Cargill has been working in Côte d’Ivoire and Ghana for decades. In 2012, we launched the Cargill Cocoa Promise – our commitment to enable farmers and their communities to achieve better incomes and living standards. Longstanding partnerships like the one with CARE are crucial in achieving our commitments.

They allow for sharing of data and learnings, help us to accelerate our impact and measure our progress.

CARE and Cargill have continued to evolve their approach over the past decade. The initial joint interventions focused on combating child labour, improving access to education, and economically empowering women.

After this, they also set out to improve access to agricultural inputs and access to financial services. Building on learnings, later programs also emphasized income diversification, improved nutrition and climate resilience.

Michelle Nunn, President and CEO at CARE said:

Our current programs place women at the heart of our interventions because we know that with the right resources, women have the power to transform entire cocoa growing communities.

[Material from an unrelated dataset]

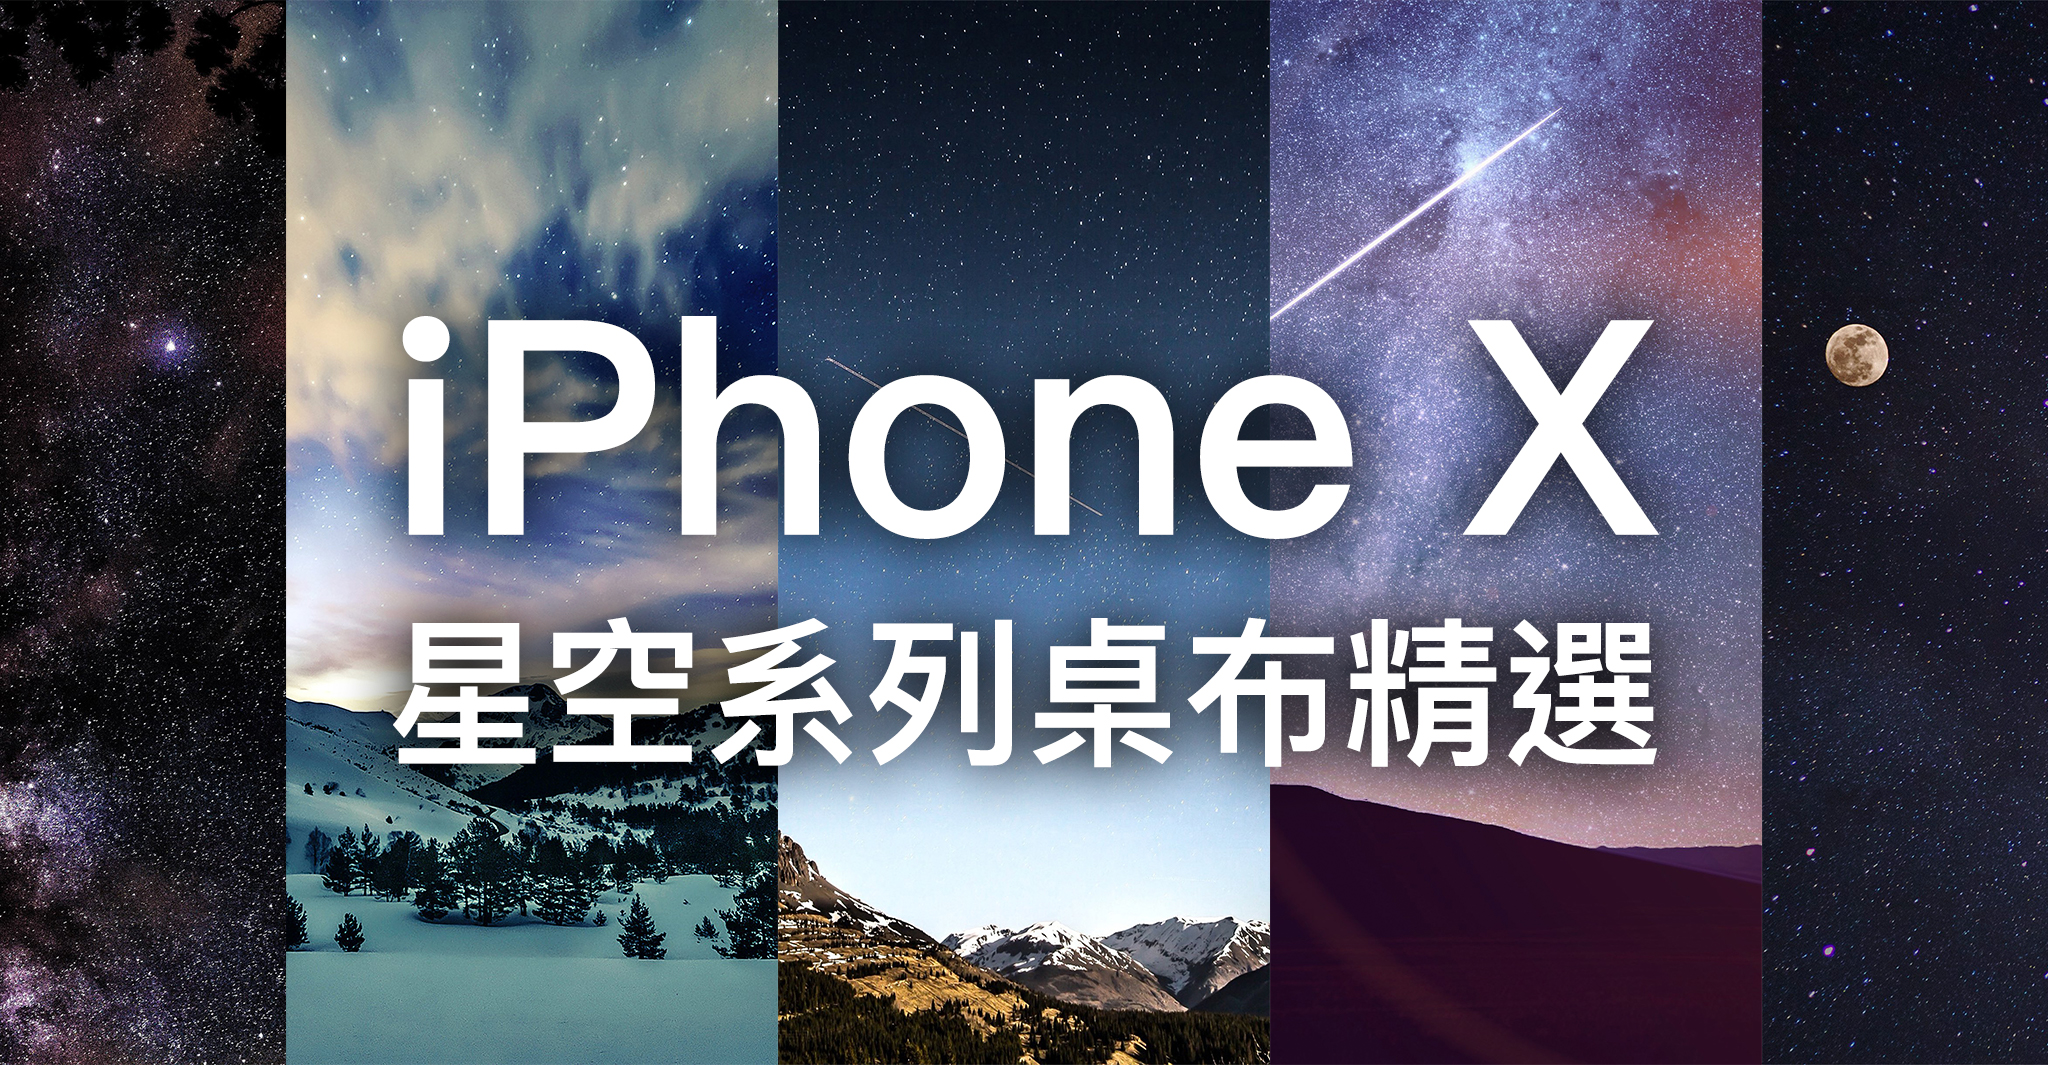 Iphone X 桌布下載 精選 張星空系列iphone X 桌布 蘋果仁 你的科技媒體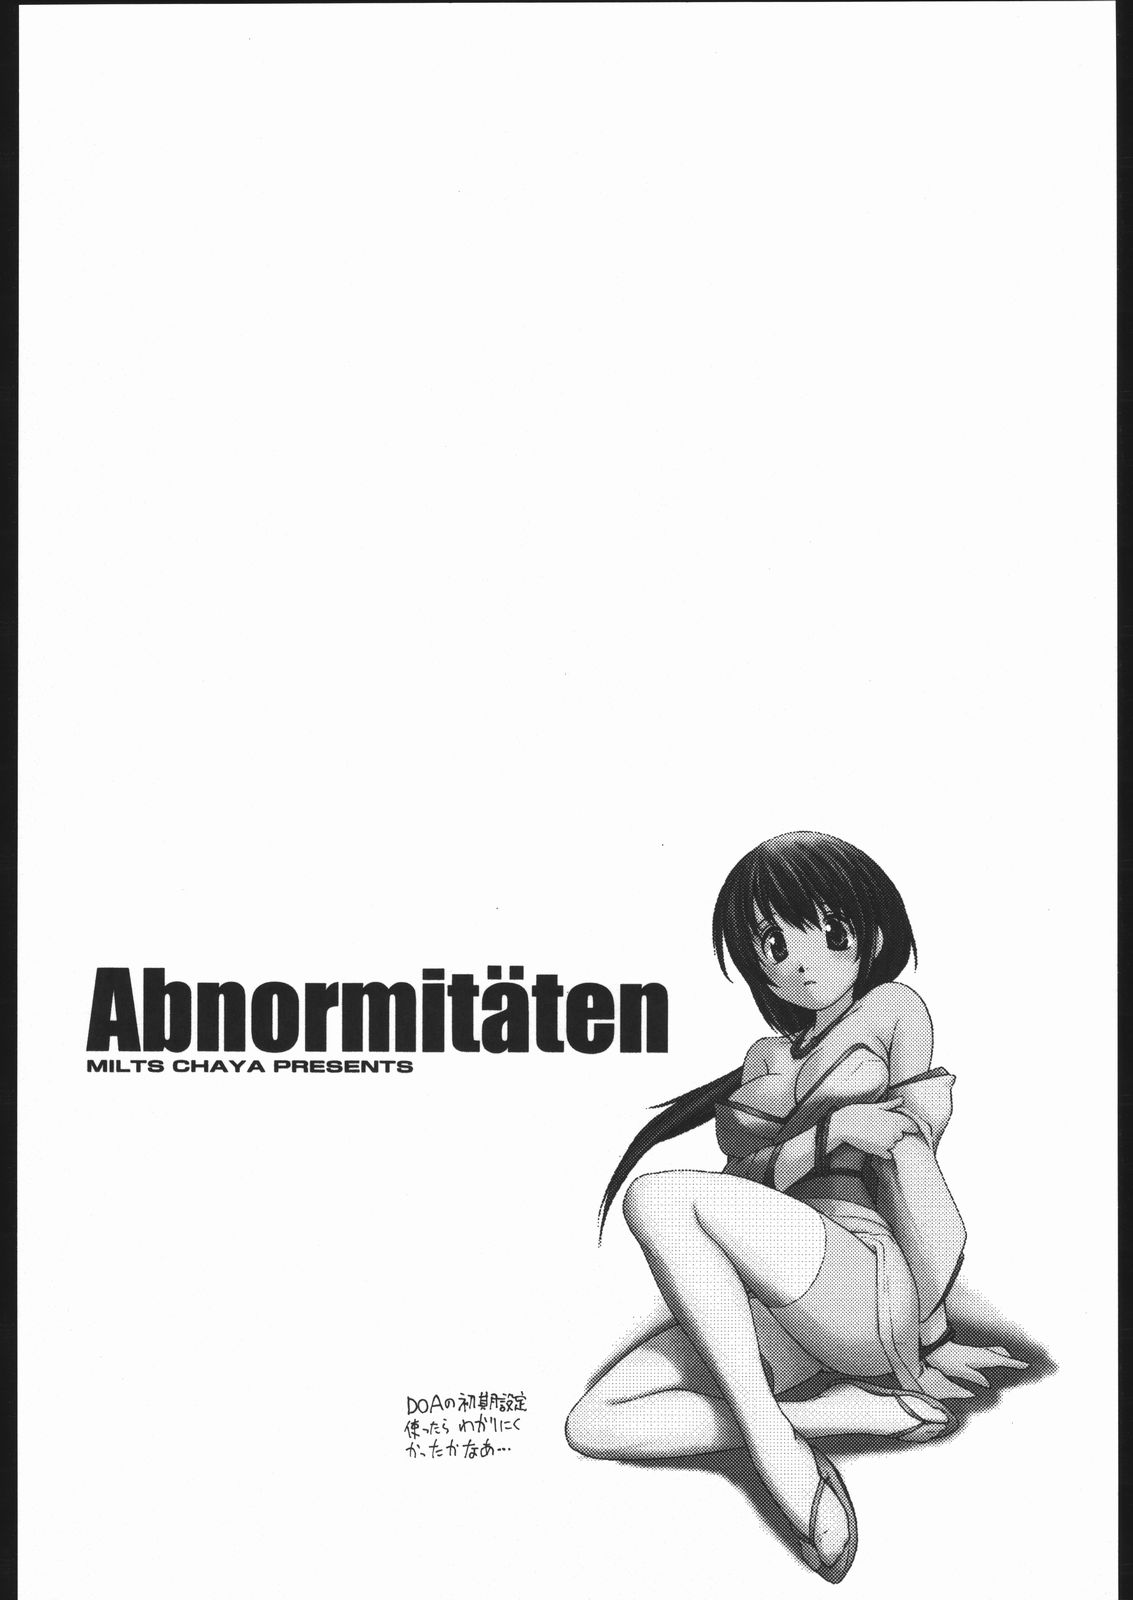 [Dead or Alive] Abnormitaten (MILTS CHAYA) [みるつ茶屋] Abnormitaten

Through an integrated approach to food and nutrition security, CARE’s work with Cargill focuses on providing women access to water, land, seeds, finance, and markets.

Additionally, these programs provide nutrition and social protection in times of crisis, which is especially important in light of the effects of the current COVID-19 pandemic on cocoa growing communities.

All work towards a better outcome should be recognised and applauded, but the industry deserves more transparency from the big companies. To achieve that, there should be an agreed framework of metrics that stay consistent from one year to the next so that we can mark the progress or regression against those goals.

Reports like this one could be so much clearer so that they read less like an opportunity for good publicity, and more like valuable analysis.